Judd Foundation Sues Galleries over Fingerprints Left on Work

The Judd Foundation, which maintains the Marfa, Texas, and New York City studios of American Minimal artist Donald Judd (1928–1994) and has care of his legacy, is suing a pair of galleries over allegations that the dealers returned a loaned work in unsalable condition. According to the complaint, filed with the Manhattan Supreme Court, the New York–based Tina Kim Gallery and the Seoul- and Busan-based Kukje Gallery in 2015 accepted a Judd sculpture on consignment and in 2018 returned it damaged. The galleries, which are owned by members of the same family and are jointly operated, failed to mention the injury to the work on returning it, leaving conservators to discover the harm.

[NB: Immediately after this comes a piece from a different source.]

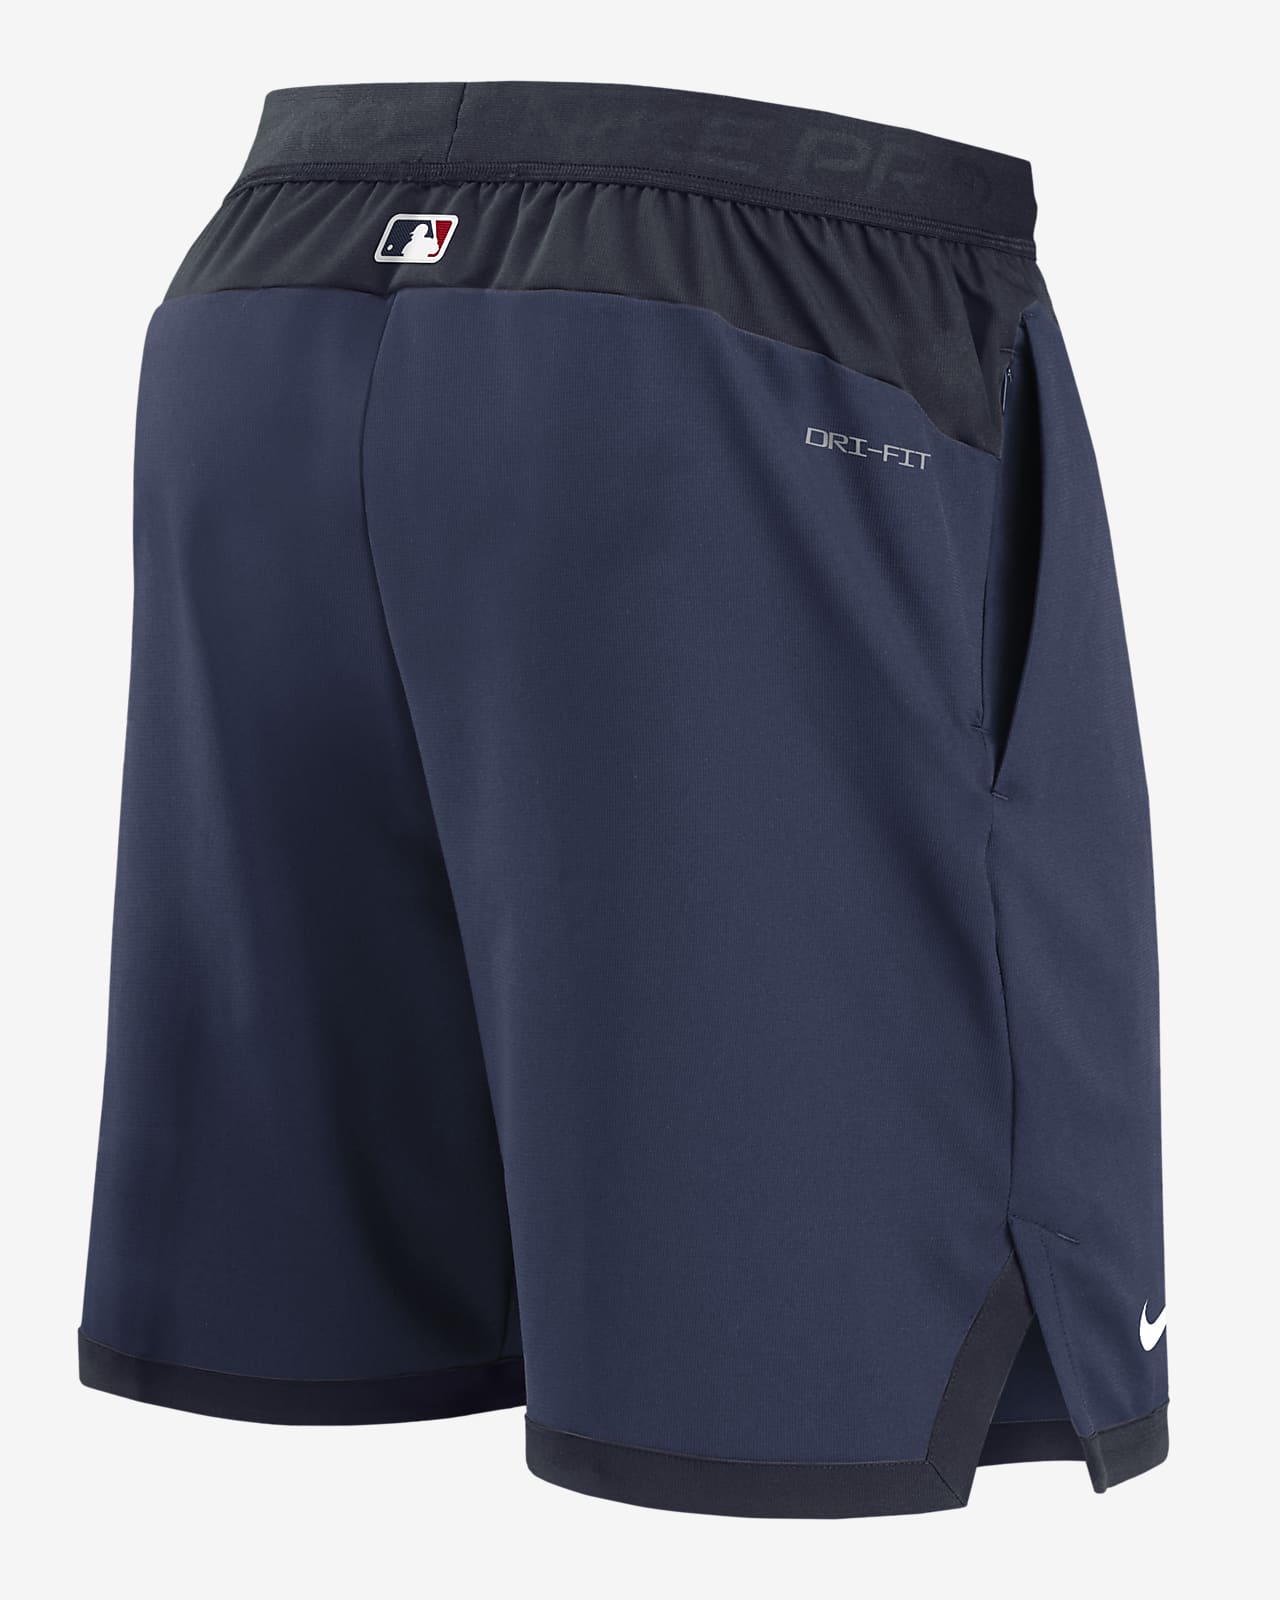 Nike Dri-FIT Flex (MLB Boston Red Sox) Men's Shorts.

The work in question is Judd’s 1991 Untitled, from his “Menziken” series, a group of boxes made from anodized aluminum and translucent Plexiglas and typical of the artist’s austere and understated oeuvre. The court filing notes that the work requires careful handling and that “any fingerprints on the anodized aluminum surface must be removed quickly or over time the oils in the fingerprints can react with the surface and leave permanent, disfiguring, irreversible marks.” Such marks were found on the work following its three-year sojourn, during which it failed to find a buyer. A consignment agreement shows that the sculpture was priced at $850,000; on its being returned to the Judd Foundation, officials there filed an insurance claim on the “irreparably” damaged work and received $680,000 from the insurer, or 80 percent of the work’s value. The suit—initially filed in Texas federal court but dismissed in August for being outside of that state’s jurisdiction—seeks the remaining $170,000 from Tina Kim Gallery and Kukje Gallery, on the claim that the work now can’t be sold.